Are there any transfers between [address] and [suspicious counterparty]?
Look for: rapid in/out, large notional without clear purpose, bridge legs, time clustering.

5. Find the origin of funds

Goal: initial funding source.
Typical tool:
get_address_funded_by
Ask your AI (example):
text
What address initially funded [address] and when?
Look for: high-risk or sanctioned funders, exchange withdrawals, or unlabeled chains that need another pivot.

6. Identify unknown counterparties

Typical tools:
search_entities
,
get_address_info
Ask your AI (example):
text
What entity is [address]? Does Range have labels for it?
Search for entities matching "Binance" on Ethereum.
Look for: exchange infrastructure, mixers, protocol contracts, previously flagged records—always corroborate when conclusions matter.

7. Cross-chain pivot

If bridges moved value (IBC, CCTP, Wormhole, etc.), continue the same workflow on the destination chain.
Ask your AI (example):
text
Were any funds from [address] bridged to another chain?
If so, what is the risk score of the receiving address on that chain?
Range supports multiple ecosystems—still confirm coverage and tool availability per network in current docs.

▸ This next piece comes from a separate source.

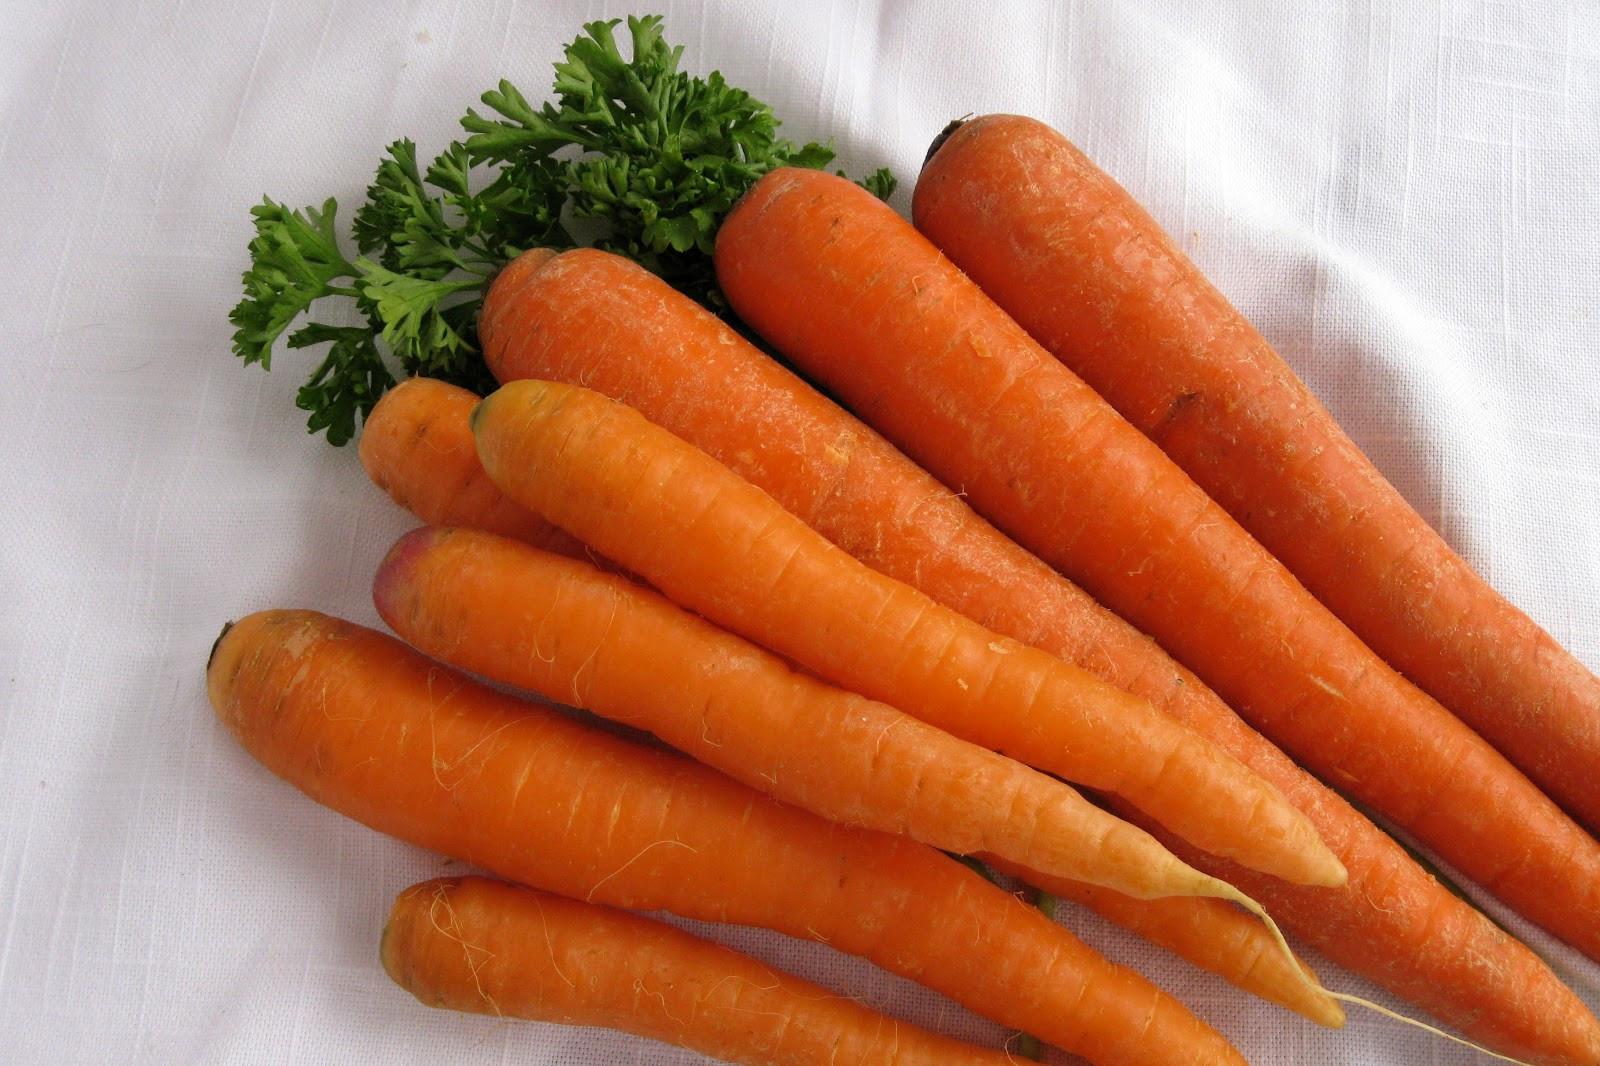 Carrot Fruit Or Vegetable  Swetha s Indian Ve arian Cuisine ORRANGE CARROT JUICE

One-shot investigation prompt

Paste and adapt (replace bracketed fields):
text
Using Range tools, run a complete investigation on this address:
[address] on [network]

1. Get its risk score and explain the risk level
2. Check if it's on any OFAC sanctions list or token blacklist
3. Show its top 10 counterparties and label any known entities
4. List the 10 largest transfers in the last 6 months
5. Find the original funding source for this address
6. If any transfers crossed chains via a bridge, check the receiving address risk too

Summarize your findings with a risk verdict: LOW / MEDIUM / HIGH / CRITICAL
Include the key evidence that supports your verdict.

Example (illustrative)

Address:
5Q544fKrFoe6tsEbD7S8EmxGTJYAKtTVhAW5Q5pge4j1
(Solana) — documented in Range materials as Raydium protocol–related infrastructure.
  • Very low risk score in example narratives; heavy DeFi counterparty set; no sanctions/blacklist in that example.
  • Use as a shape for how labeled protocol contracts present—not a universal pattern for user wallets.

Tips

  • Start broad, then narrow — risk + connections first, then
    get_transfers_between
    / transaction detail tools for specific relationships.
  • Time filters — constrain windows around the suspected incident to cut noise.
  • Re-pivot the graph — frequent unlabeled counterparties become new roots for
    get_address_risk
    .

Guardrails

  • Labels and scores are not legal determinations; OFAC and regulatory obligations need program and legal review.
  • Do not use this playbook to harass, dox, or accuse individuals based on heuristics alone.
  • Do not paste customer PII, case IDs, or non-public investigation data into unsecured chats.
  • Do not assist with sanctions evasion or laundering.

Related skills

  • solana-onchain-intelligence-resources — Range docs index and MCP pointer; Helius/Tavily cross-links.
  • crypto-investigation-compliance — ethical workflow and crime taxonomy.
  • cross-chain-clustering-techniques-agent — bridge-centric clustering heuristics.
  • on-chain-investigator-agent — broader forensic persona beyond Range MCP.
Goal: a blockint-native checklist that mirrors Range’s investigation playbook while staying aligned with compliance and evidence discipline.